Algorithm: dictionary

Targhan · 08:26, 08 August 17

For a "certain project", I need to build some kind of dictionary in order to encode a large amount of text efficiently. For example:
The text "hello low hell" would result in the dictionary "hellow", with every word is a reference to an index of the dictionary:
hello -> 0, 5 (offset, size)
low -> 3, 3
hell -> 0, 4

I have no problem creating my own algorithm, in any language (all this will be generated on PC), but I am pretty sure someone, on CPC or on the net, has already did something like this and I don't want to re-invent the wheel. Does anyone know about an existing implementation? Also, what is the name of such compression ("dictionary" is pretty vague)?

Thanks.

roudoudou · 08:36, 08 August 17

the flower cruncher was LZW, it was slow to crunch/decrunch and less efficient than clever LZ alternatives

text compression is very dependant of the number of differents char to crunch and the language, as you may include short encoding, statistics about char following char, ...
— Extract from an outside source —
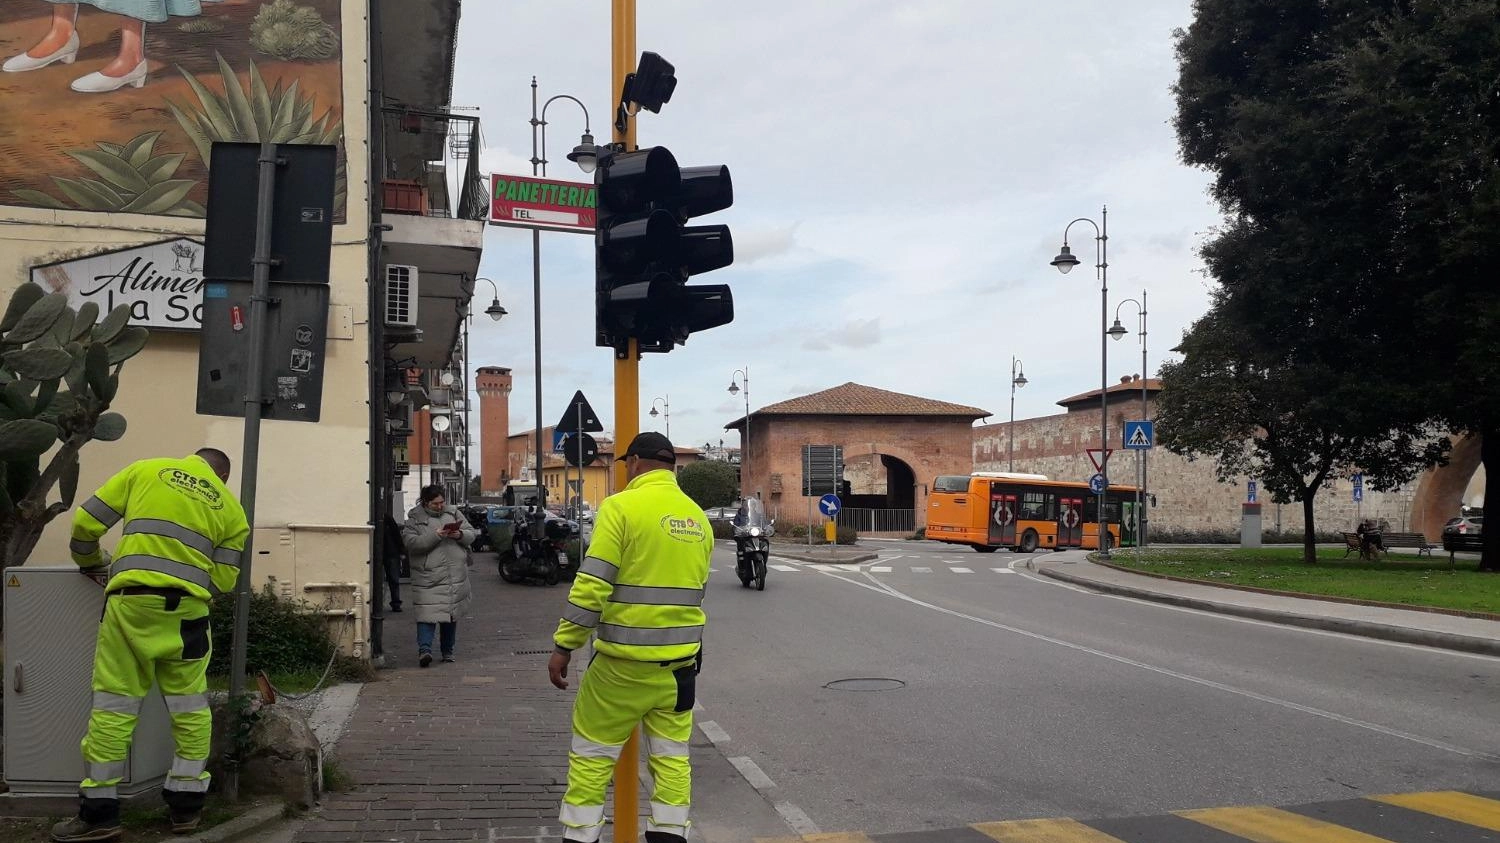 Proteggere i pedoni  Strisce luminose  e nuovi semafori  Meno pericoli in strada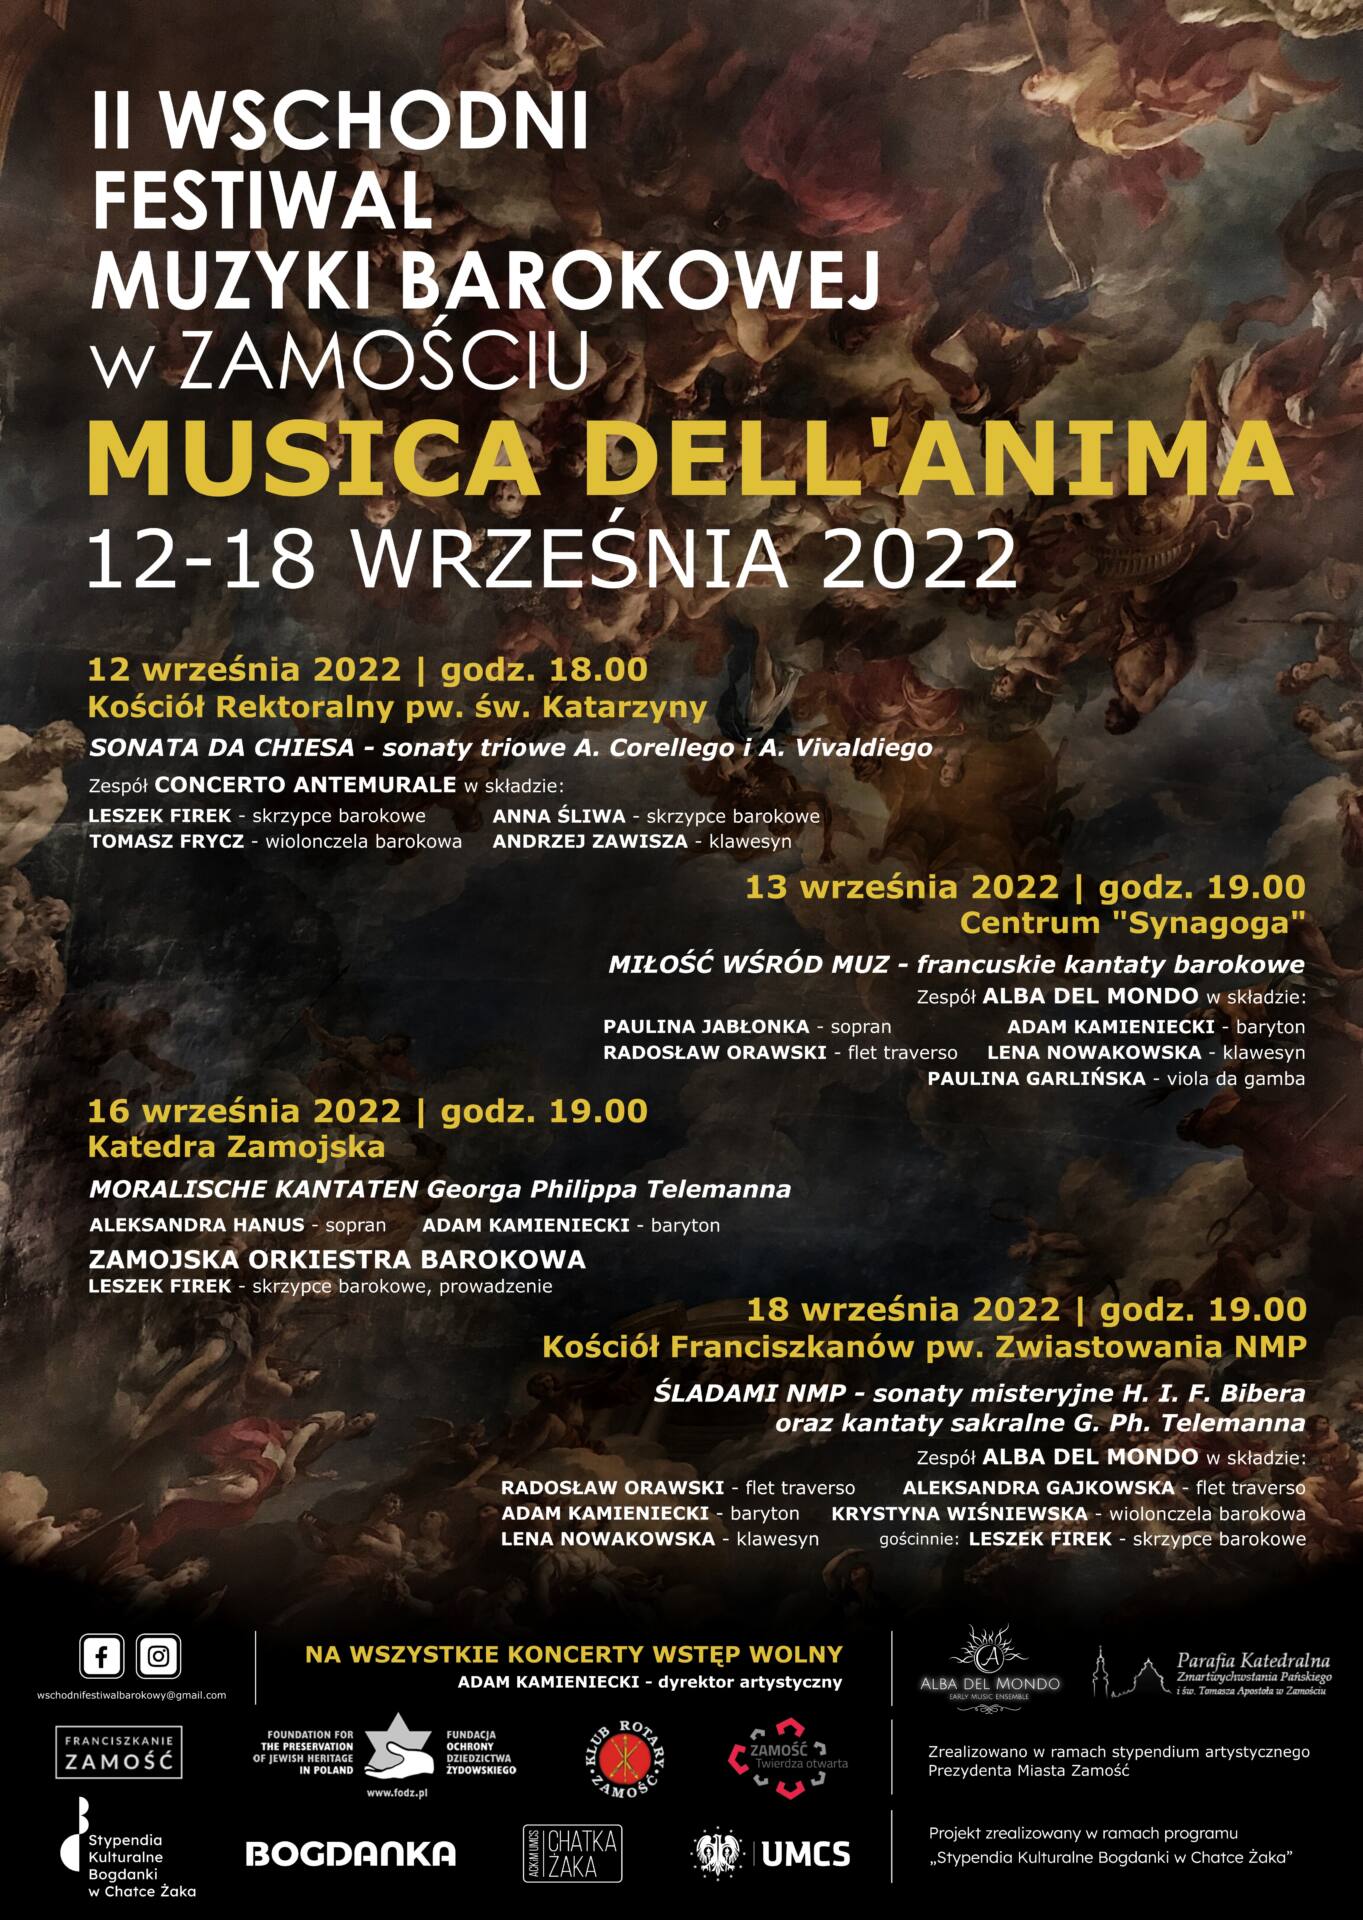 ii wschodni festiwal muzyki barokowej musica dellanima w zamosciu plakat online Wyjątkowe muzyczne wydarzenie w Zamościu! Festiwal Muzyki Barokowej

arnoldemu · 08:53, 08 August 17

http://web.stonehill.edu/compsci/lc/textcompression.htm

"Huffman tree" and "Huffman codes"

Targhan · 09:39, 08 August 17

Thanks! However, I believe these algorithms are overkill for what I am doing. I need a fast decrunch time, on individual text files, that would refer only one dictionary for all the texts. Maybe that's doable with Hoffman, tough... Maybe I'm wrong, but for my needs, I believe that working on a word-basis is better than on char-basis, but maybe I'm wrong.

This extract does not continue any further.